* **DATASET RECORDS**:
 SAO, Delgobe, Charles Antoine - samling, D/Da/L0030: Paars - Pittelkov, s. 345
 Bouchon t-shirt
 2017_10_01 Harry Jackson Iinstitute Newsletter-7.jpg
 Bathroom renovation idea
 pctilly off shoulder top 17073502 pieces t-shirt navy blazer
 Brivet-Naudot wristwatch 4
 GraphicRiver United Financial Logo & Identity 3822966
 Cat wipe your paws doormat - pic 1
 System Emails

* **EXERCISE INSTRUCTIONS**: Reproduce the entries above in full by retyping them exactly.

* **EXERCISE RESPONSE**:
 SAO, Delgobe, Charles Antoine - samling, D/Da/L0030: Paars - Pittelkov, s. 345
 Bouchon t-shirt
 2017_10_01 Harry Jackson Iinstitute Newsletter-7.jpg
 Bathroom renovation idea
 pctilly off shoulder top 17073502 pieces t-shirt navy blazer
 Brivet-Naudot wristwatch 4
 GraphicRiver United Financial Logo & Identity 3822966
 Cat wipe your paws doormat - pic 1
 System Emails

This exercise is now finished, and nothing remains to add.